1928 Indian silent film

The Loves of a Mughal Prince, also known as Anarkali and Rajmahal Ni Ramani, is a 1928 Indian silent film directed by Prafulla Roy and Charu Roy and produced by the Great Eastern Film Corporation. It is based on Anarkali, a 1922 Urdu play by Lahore-based playwright Imtiaz Ali Taj, which dramatized the tragic love affair between Mughal prince Salim and Anarkali, a slave girl. The film stars Charu Roy, Seeta Devi, Maya Devi, Rajkumari, Sawan Singh, Taj and Dewan Sharar. Roy and Taj played Salim and his father, the Mughal emperor Akbar, respectively. Devi played Anarkali, making her the first actress to portray the character on screen.

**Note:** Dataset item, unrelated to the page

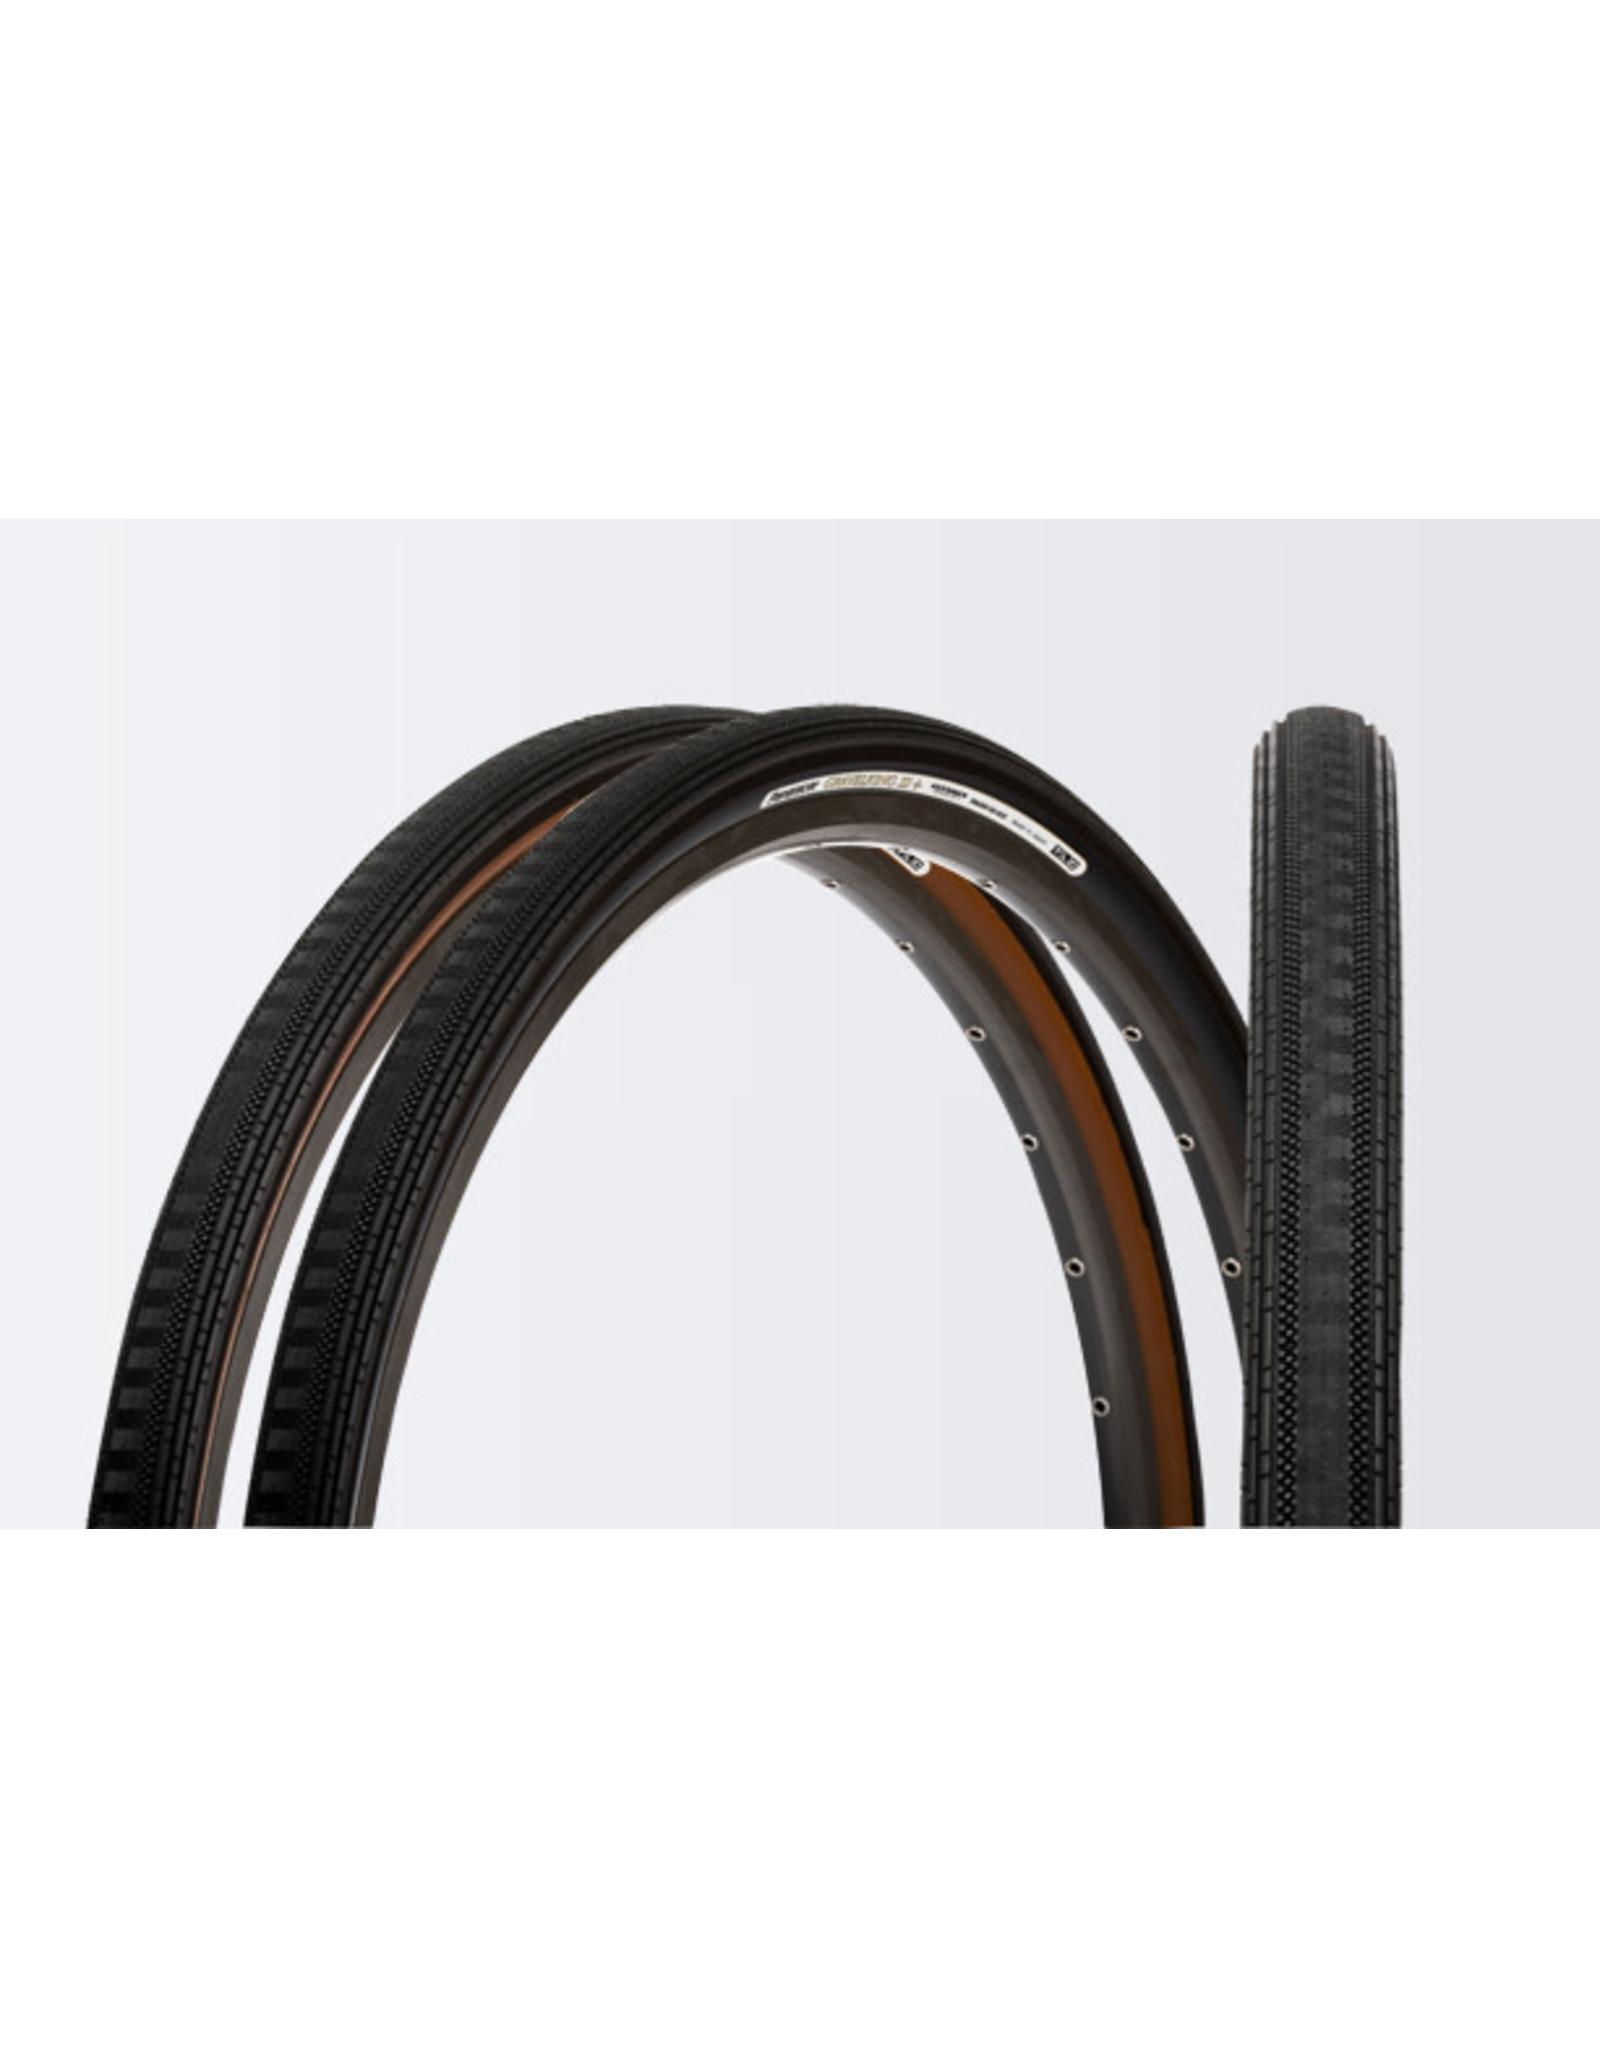 PANARACER PANARACER, Tire, G-King SS TR Brown700 x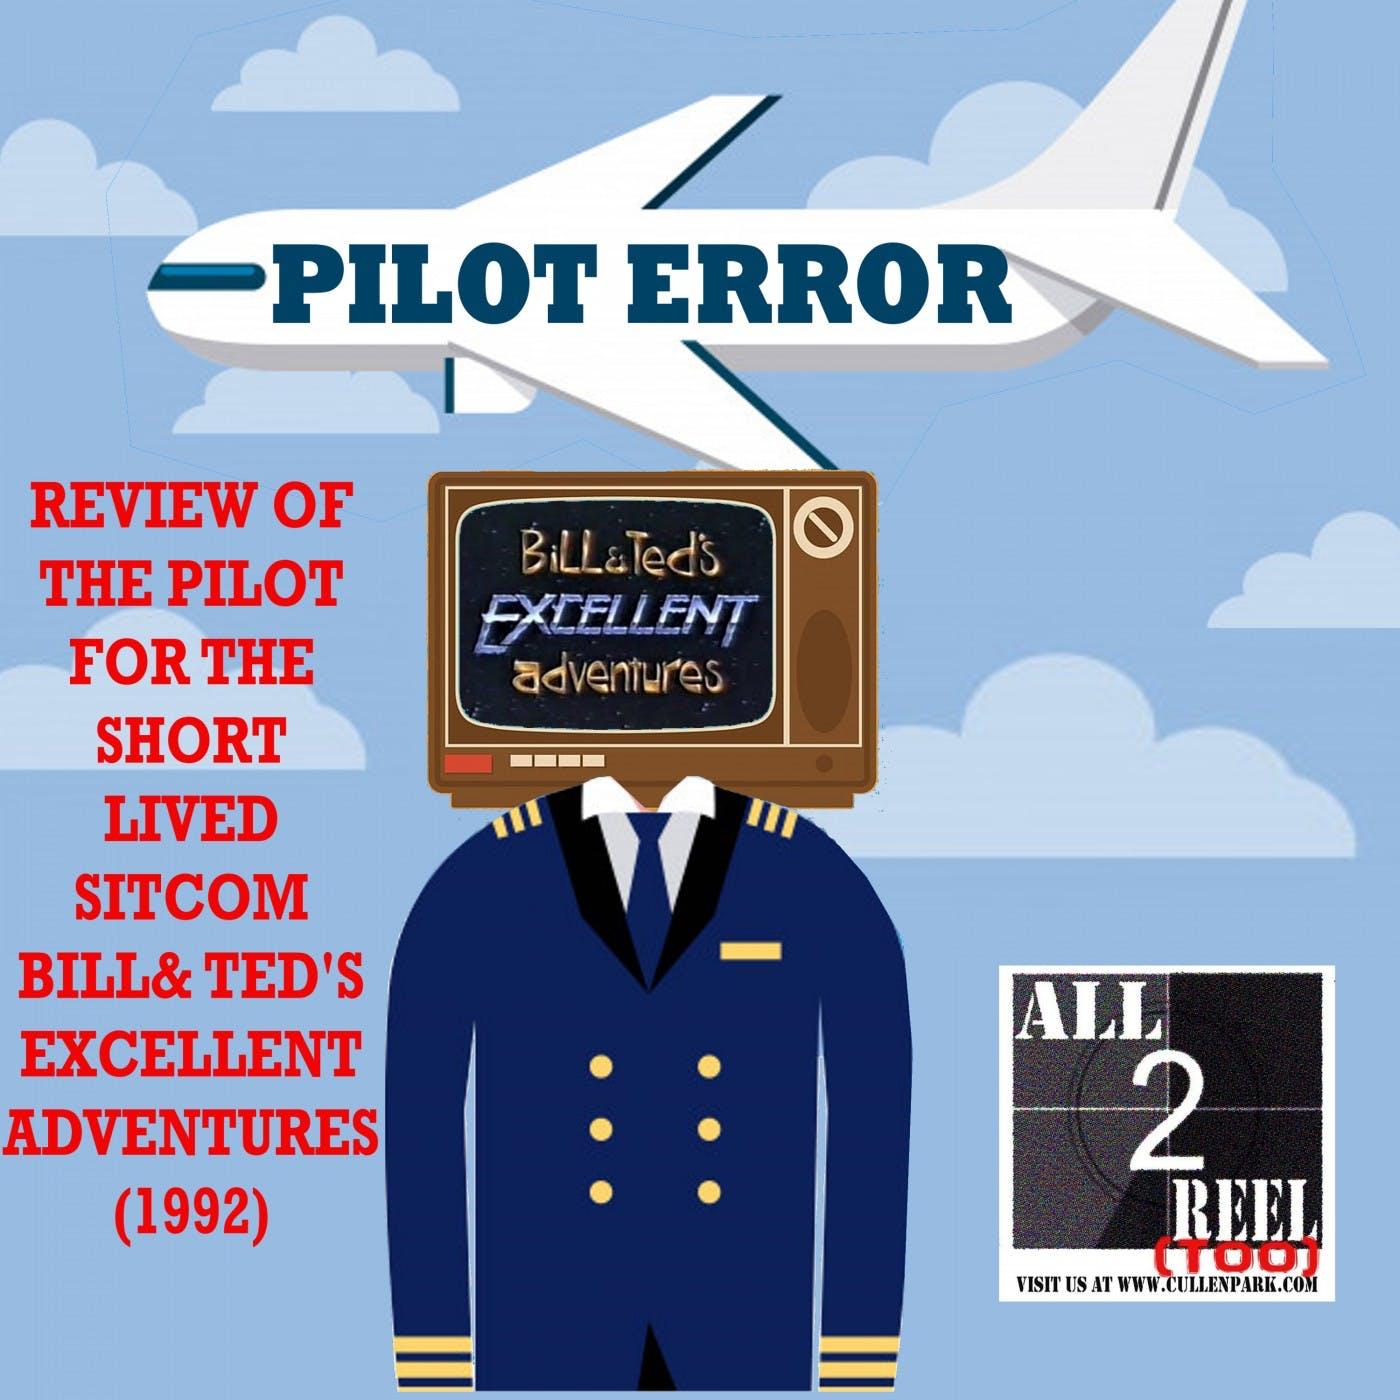 Bill & Ted's Excellent Adventures (1992) PILOT ERROR TV REVIEW

The play had been staged in 1922 and became a success, but its eventual influence on Indian cinema was not immediately apparent. Approximately five years later, in 1927, the Great Eastern Film Corporation of Delhi announced a screen adaptation titled The Loves of a Mughal Prince. The production marked Charu Roy's directorial debut. Produced on a large scale with the aim of reaching the national market, the film was reportedly slow to complete.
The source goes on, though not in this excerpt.